Wall Street stocks open little changed
US stocks have fallen with petroleum-linked equities retreating on a big drop in oil prices as Wall Street girds for a busy week of economic reports.
The Standard & Poor’s 500 index lost 5.80 points, or 0.3 percent, to 2,098.04.
Dow members ExxonMobil and Chevron lost 1.5 percent and 3.3 percent, respectively, while Marathon Oil lost 2.1 percent as US crude prices plummeted 4.1 percent to $45.17 a barrel.
Michael Kors was one other huge loser, dropping $three.28, or 7.eight %, to $38.71 amid concern that demand for the posh style retailer’s purses is dropping off. Analysts at funding financial institution Canaccord reduce their worth goal on the inventory forward of the corporate’s newest earnings report due out Thursday.
Energy and commodity stocks also rallied after a slump last week with Freeeport McMoran leading raw material producers after copper prices rallied.
Tokyo eased 0.14 per cent or 27.75 points to close at 20,520.36, while Seoul gained 0.97 per cent or 19.50 points to close at 2,027.99.
Apple fell 3.2 per cent, leaving it down more than 12 per cent since its July 21 earnings release.

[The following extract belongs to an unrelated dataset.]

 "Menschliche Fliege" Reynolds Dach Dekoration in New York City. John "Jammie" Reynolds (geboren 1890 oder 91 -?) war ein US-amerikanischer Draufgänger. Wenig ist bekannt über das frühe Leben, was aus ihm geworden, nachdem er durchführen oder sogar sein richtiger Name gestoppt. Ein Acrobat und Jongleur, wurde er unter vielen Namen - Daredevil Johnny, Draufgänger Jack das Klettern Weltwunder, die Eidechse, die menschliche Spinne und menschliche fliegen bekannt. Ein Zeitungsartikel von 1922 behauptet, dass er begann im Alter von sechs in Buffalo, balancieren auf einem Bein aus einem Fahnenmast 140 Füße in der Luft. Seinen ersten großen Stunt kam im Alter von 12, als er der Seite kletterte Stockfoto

The euro eased to $US1.0967 from $US1.0984 late in New York on Friday.
The Dow is down 272.38 points, or 1.5 percent.
A private survey of Chinese manufacturing activity showed a decline to a two-year low in July, suggesting the world’s second largest economy faces challenges in the third quarter.

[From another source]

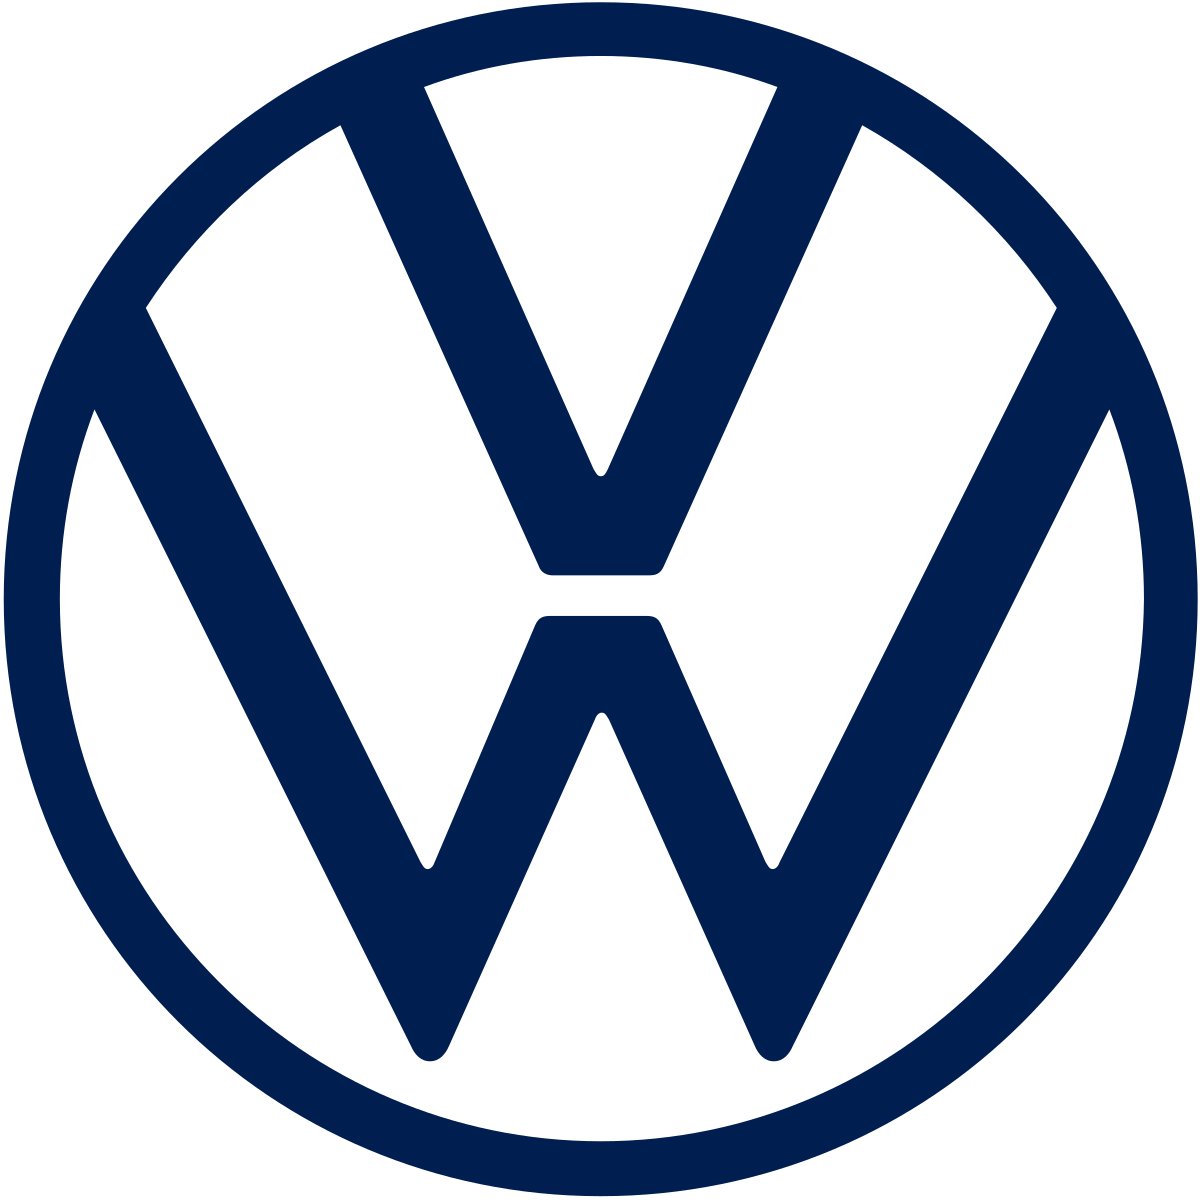 logo vw

Across the Atlantic, European traders were not deterred by a heavy sell-off of Greek stocks as they resumed trading after a five-week suspension.
HONG KONG – Asian stocks closed mixed as China announced new rules restricting short selling after a recent market rout and Australia held interest rates at rock-bottom levels.
“China slowed the big selloff it saw yesterday, and that’s lifting the U.S. market”, Terry Morris, a senior equity manager who helps oversee about $2.8 billion at Wyomissing, Pennsylvania-based National Penn Investors Trust Co, told Bloomberg. The Institute of Buying Managers’ manufacturing index slipped to 52.7 from 53.5 in June. Though the tick down was slight, it surprised economists who expected the number to remain unchanged.